The increasing availability of knowledge bases (KBs), generated by academia and industry, attracts the attentions of researchers in several natural language processing (NLP) tasks with the aim of advancing state-of-the-art performance by making use of the vast amount of background knowledge available in on the web. However, most of the information that is found in KBs, like knowledge graphs, ontologies or terminological resources, is represented, in most of the cases, in one language only (e.g. English, German or Italian). Consequently, NLP applications that use these KBs are therefore limited to the language in which the information is stored. To make the information accessible beyond language borders, these KBs have to be translated into different languages. Since a manual enhancement of KBs is a very time-consuming and expensive process, machine translation (MT) can be applied for this purpose. Nevertheless, this translation task with MT is rather challenging, due to the sophisticated information of a certain domain knowledge, documented in knowledge graphs, the specific vocabulary in terminological dictionaries and the particular sentence structure of ontology labels.
In addition to the multilingual enhancement of monolingual KBs, a growing attention has also been paid to the integration of existing multilingual terminological knowledge into MT systems or computer-assisted translation (CAT) tools. An important open issue for this task is how to support translators with relevant information when dealing with specialised texts from different domains (IT, medical, law, etc.). Commercial or open source MT systems trained on generic data are the most common solutions, but they often struggle with the translation of the specific vocabulary found in this task. To reduce the post-editing effort involved in the translation process, a valuable alternative is to enhance the systems with existing multilingual knowledge, e.g. IATE or in-house terminological resources, which are agreed and curated resources that professionals use in their expert-to-expert communication.
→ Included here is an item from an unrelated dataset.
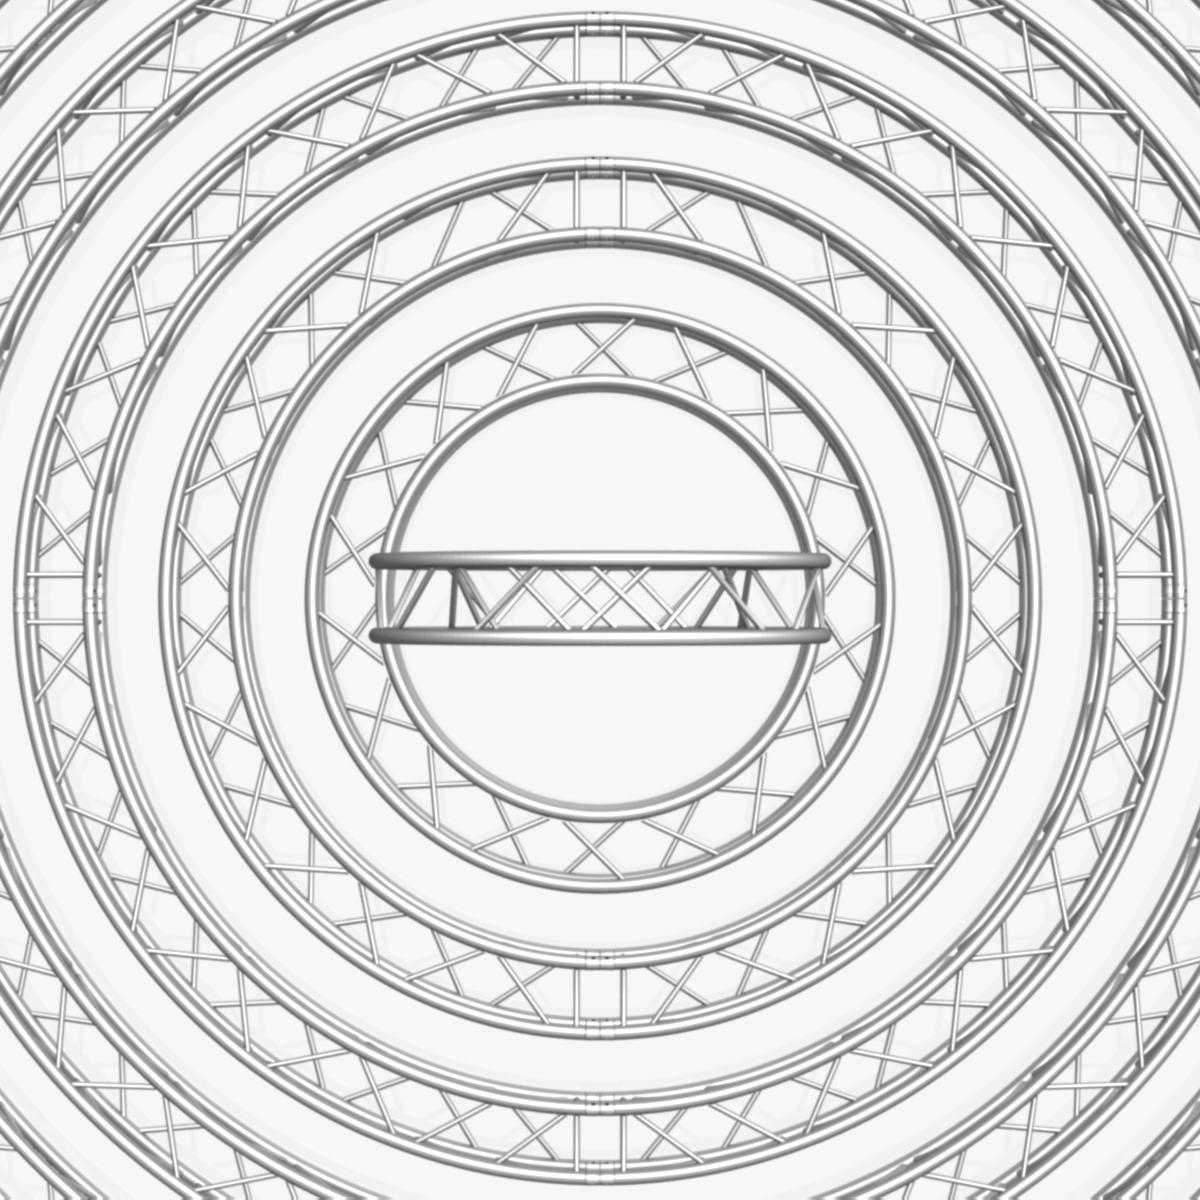 circle square truss modular collection 10 modular pieces by canan85 Mac iPhone a7

In this sense, the provision of multilingual KBs, which could be better integrated into the MT systems is a crucial step towards increasing the translation quality, since terminological expressions are among the most common sources of translation errors.
- Mihael Arcan, Insight Centre for Data Analytics, National University of Ireland Galway, Ireland
- Marco Turchi, Fondazione Bruno Kessler (FBK), Italy
- Jinhua Du, Investment AI, AIG, UK
- Dimitar Shterionov, ADAPT Centre, Dublin City University, Ireland
- Daniel Torregrosa, Insight Centre for Data Analytics, National University of Ireland Galway, Ireland
The workshop is co-located with MT-Summit in Dublin.